[GIVEN DATA]:
────────────────

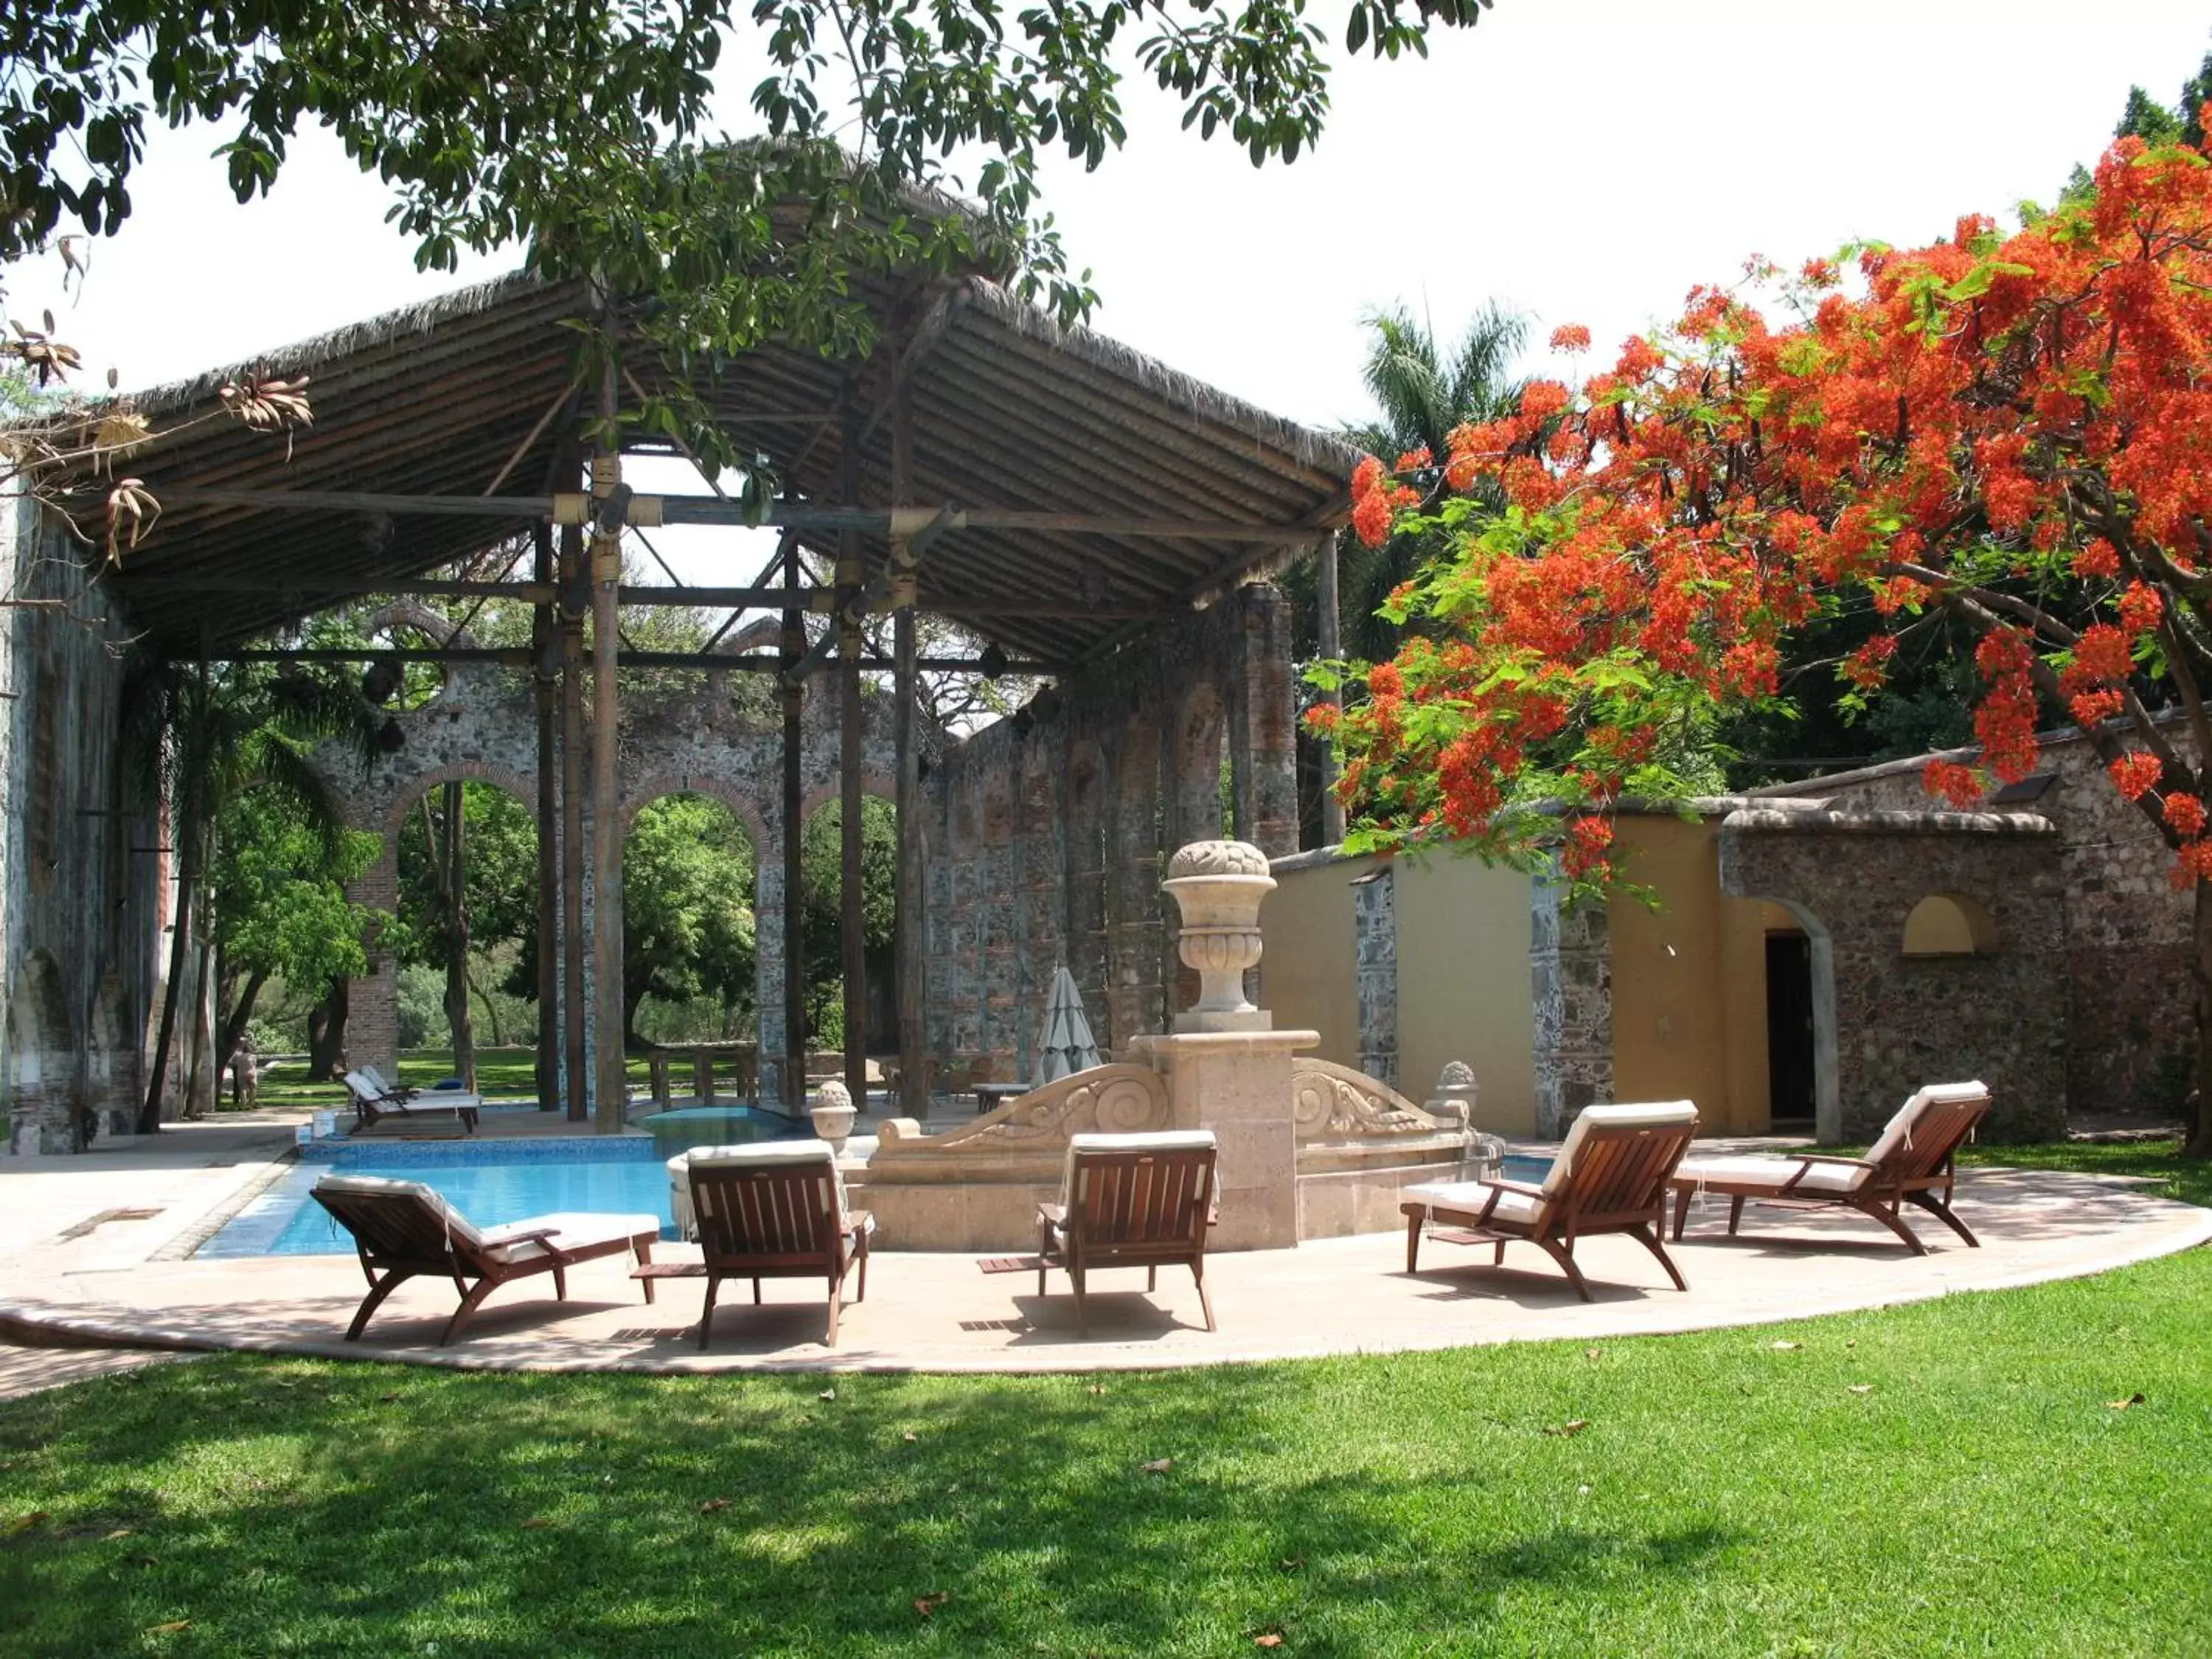 Swimming Pool in Fiesta Americana Hacienda San Antonio El Puente Cuernavaca
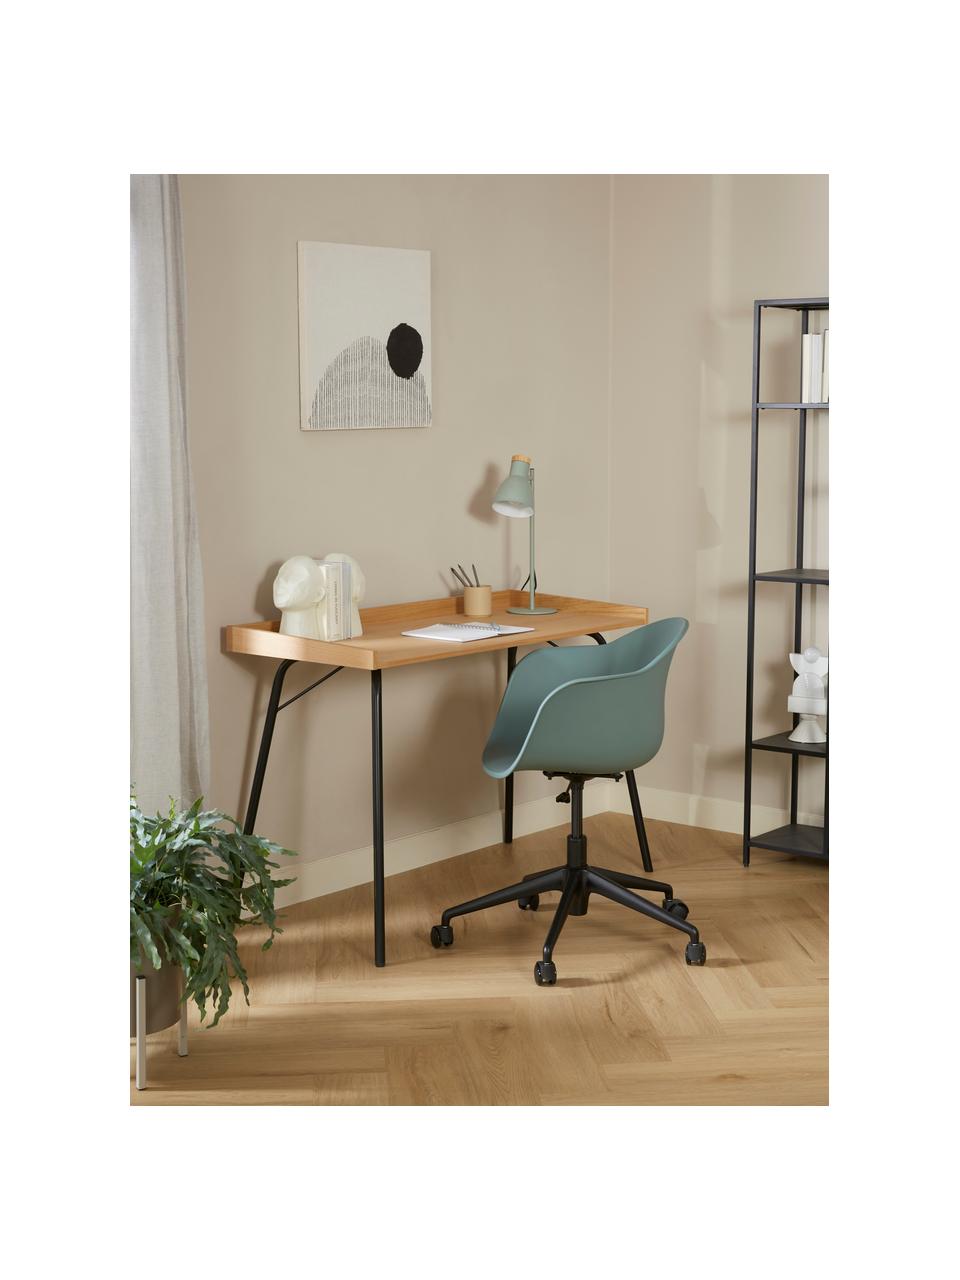 Schreibtischstuhl Claire in Grün, Sitzfläche: 65 % Polypropylen, 35 % G, Beine: Metall, pulverbeschichtet, Rollen: Kunststoff, Grün, B 66 x T 60 cm
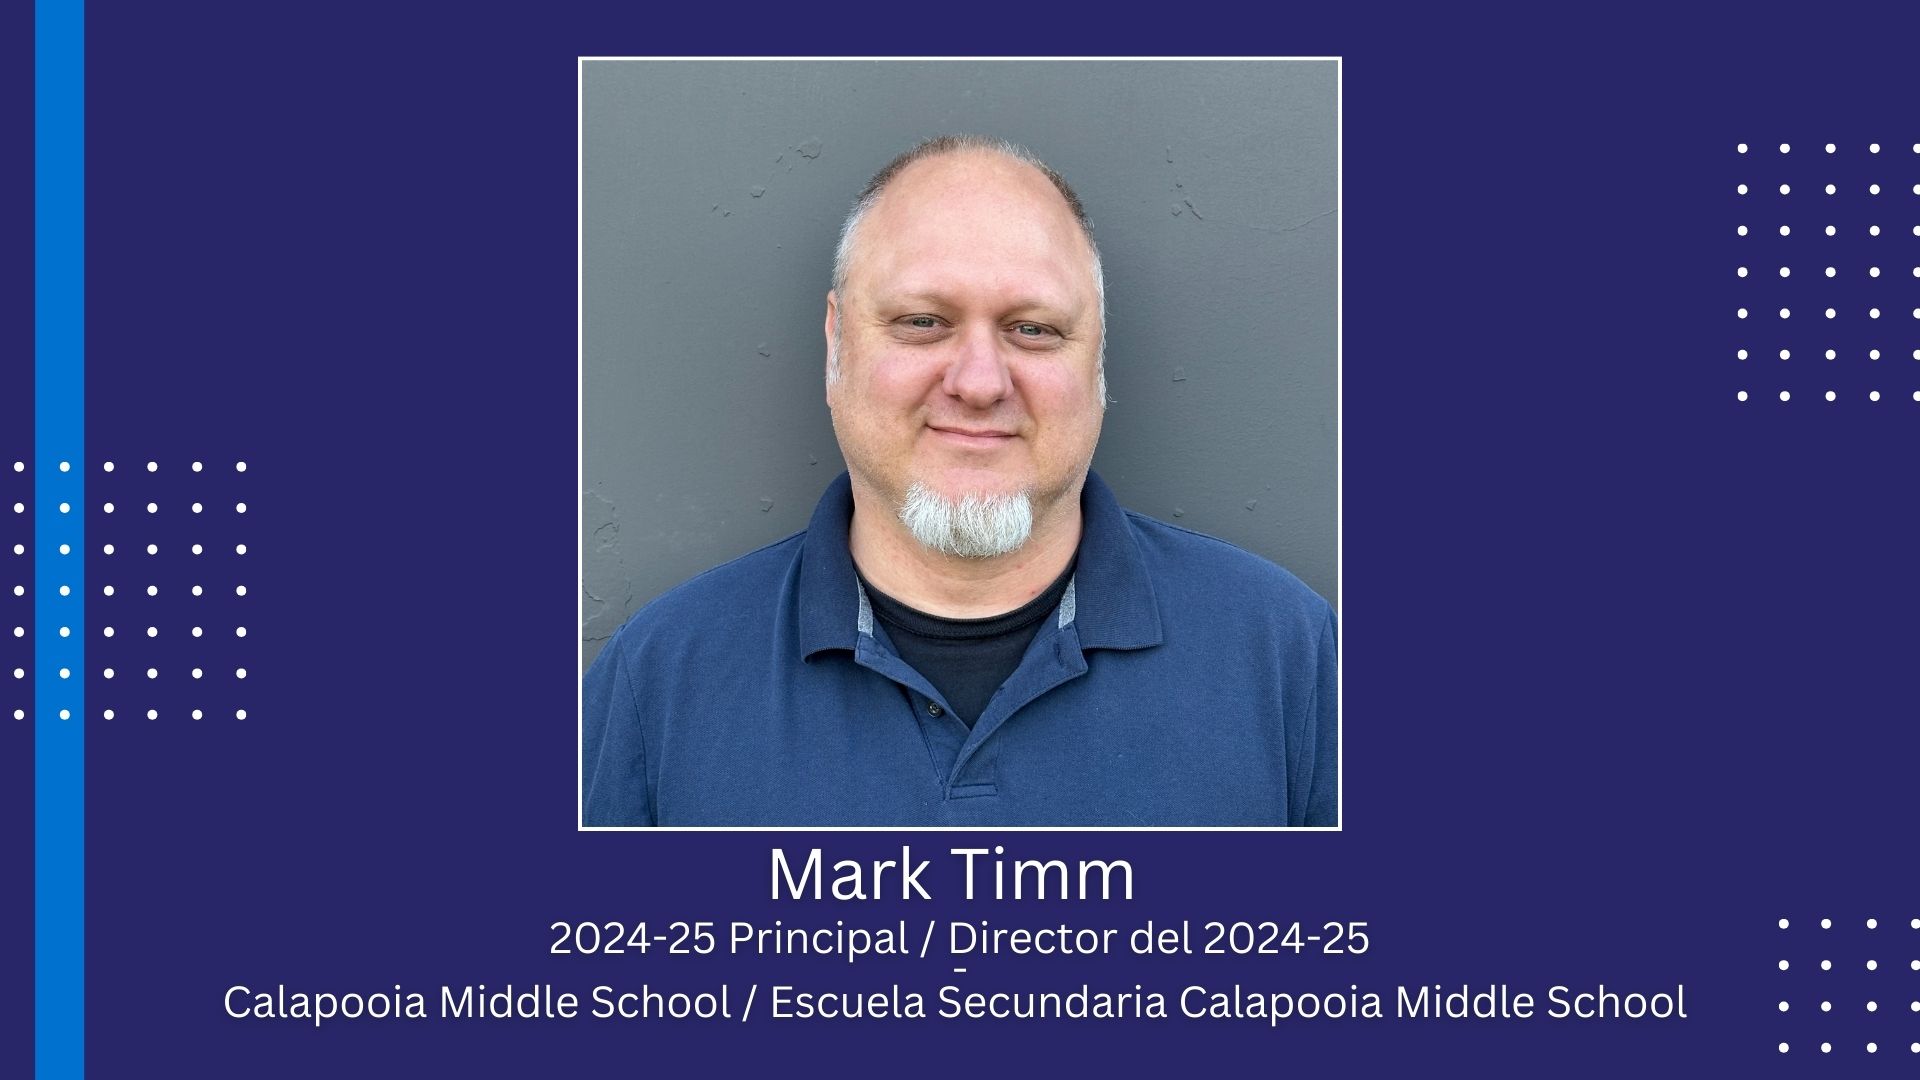 Timm to lead Calapooia Middle School beginning 2024-25 school year/ El Sr. Timm dirigirá la escuela secundaria Calapooia a partir del año escolar 2024-25

────────────────

[TASK ITEM]:
Print out all the material word for word but exclude any images.

[RESULT]:
 Swimming Pool in Fiesta Americana Hacienda San Antonio El Puente Cuernavaca
 Schreibtischstuhl Claire in Grün, Sitzfläche: 65 % Polypropylen, 35 % G, Beine: Metall, pulverbeschichtet, Rollen: Kunststoff, Grün, B 66 x T 60 cm
 Timm to lead Calapooia Middle School beginning 2024-25 school year/ El Sr. Timm dirigirá la escuela secundaria Calapooia a partir del año escolar 2024-25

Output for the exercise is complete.